**TASK**. When you copy the data, keep every word exactly as it is and leave the pictures out.

**DATA EXCERPT**.
'''
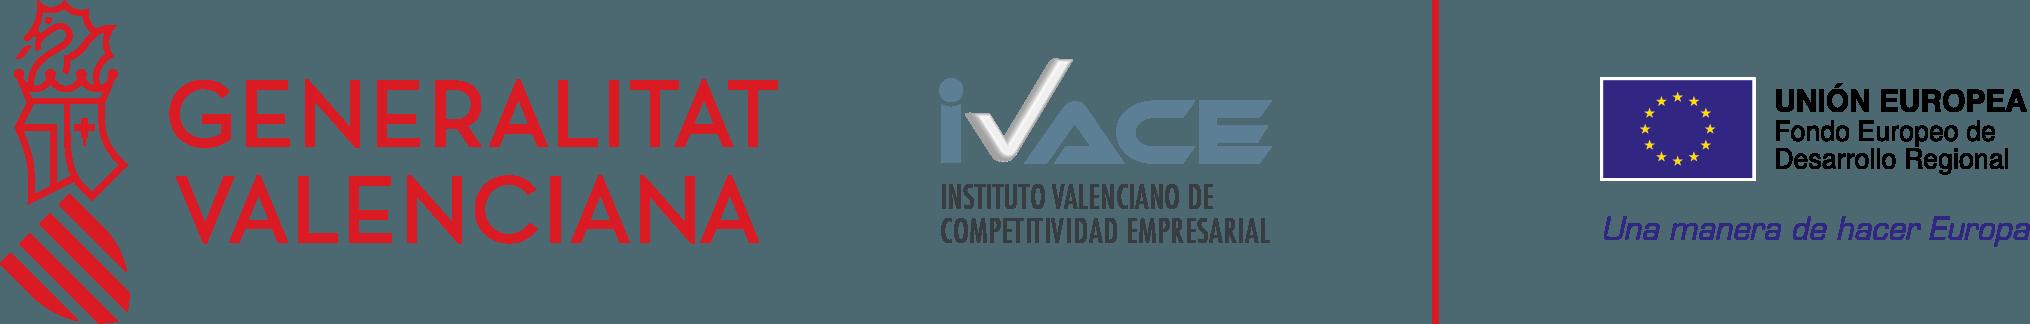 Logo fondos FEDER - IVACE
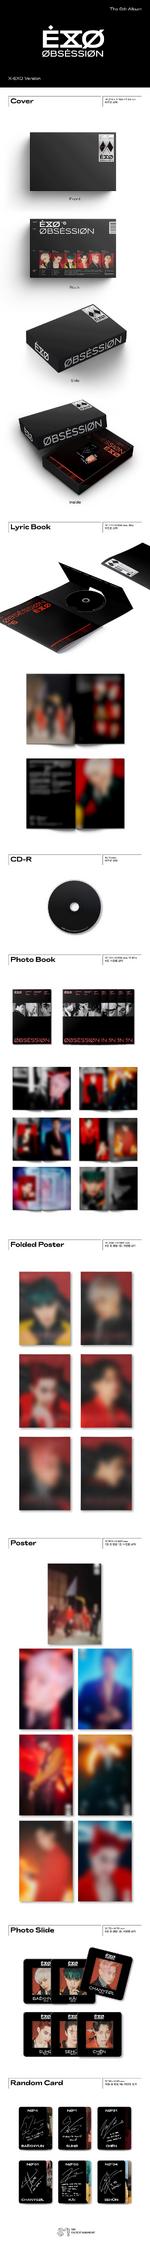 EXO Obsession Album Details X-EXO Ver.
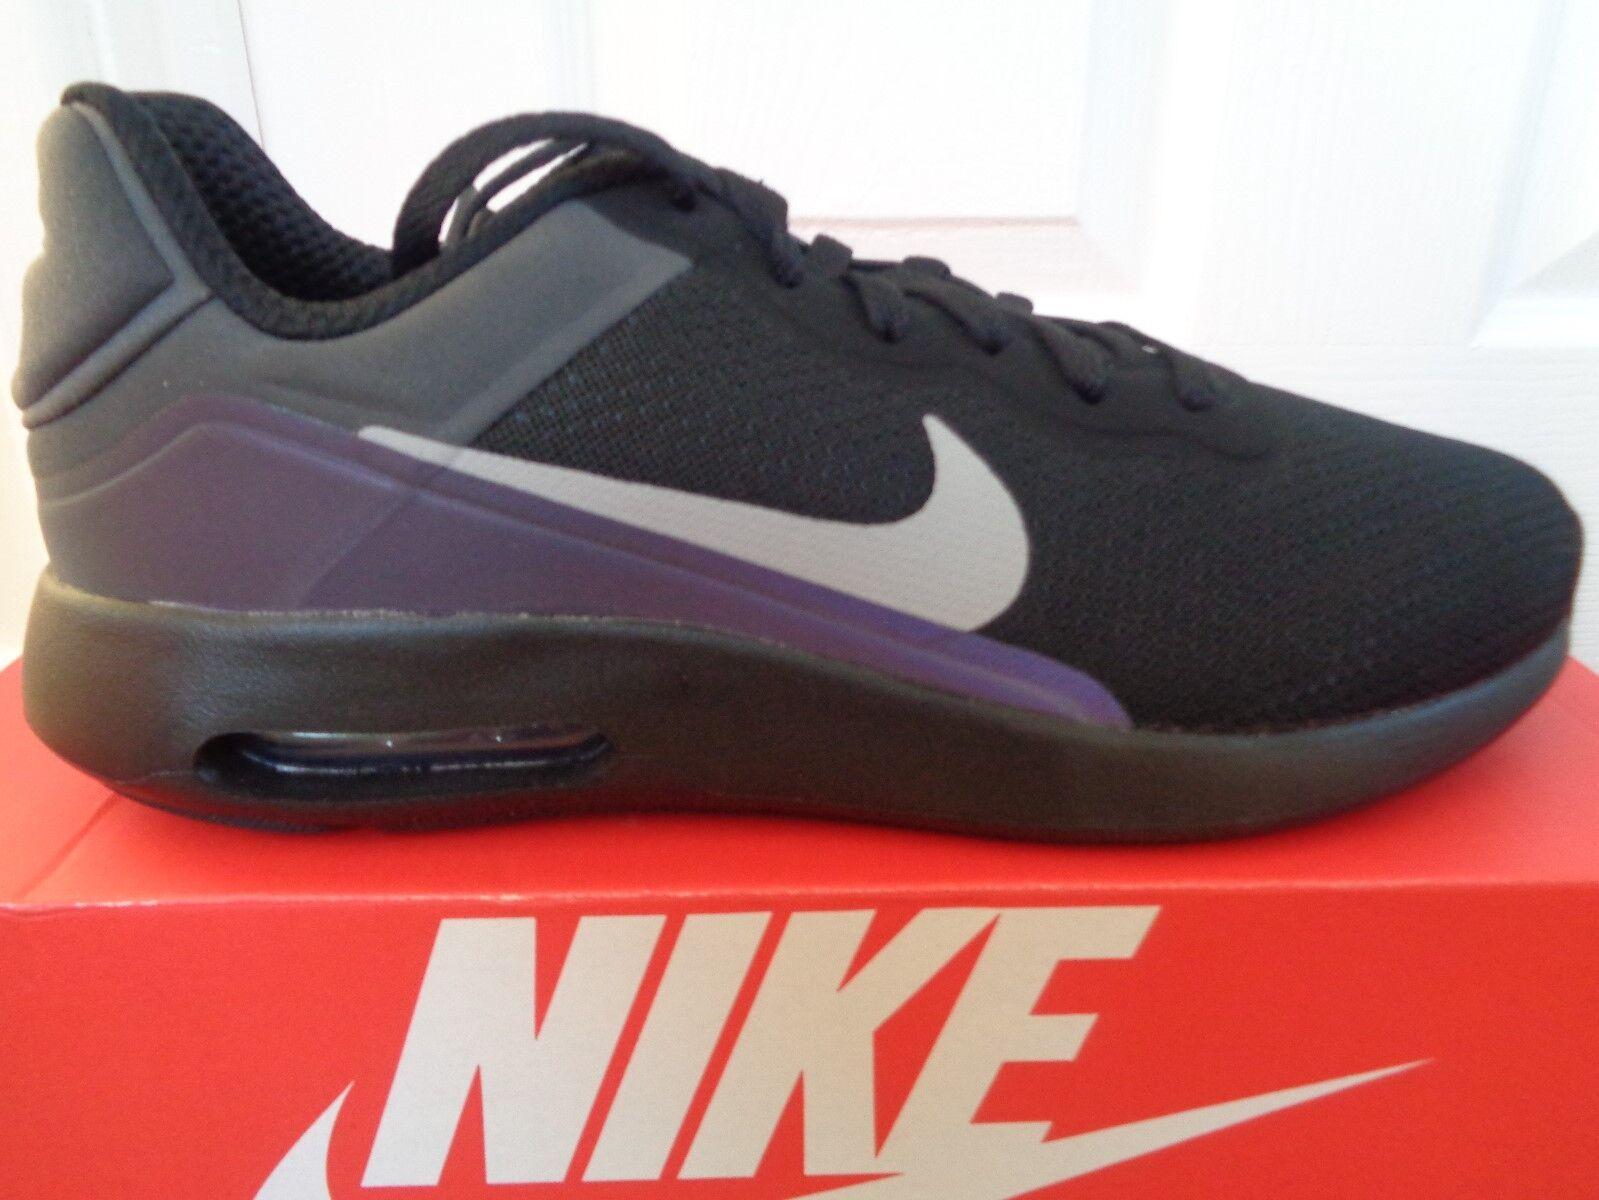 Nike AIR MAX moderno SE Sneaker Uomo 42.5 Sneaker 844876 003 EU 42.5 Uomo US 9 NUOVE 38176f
'''
**ANSWER AREA**.
 Logo fondos FEDER - IVACE
 EXO Obsession Album Details X-EXO Ver.
 Nike AIR MAX moderno SE Sneaker Uomo 42.5 Sneaker 844876 003 EU 42.5 Uomo US 9 NUOVE 38176f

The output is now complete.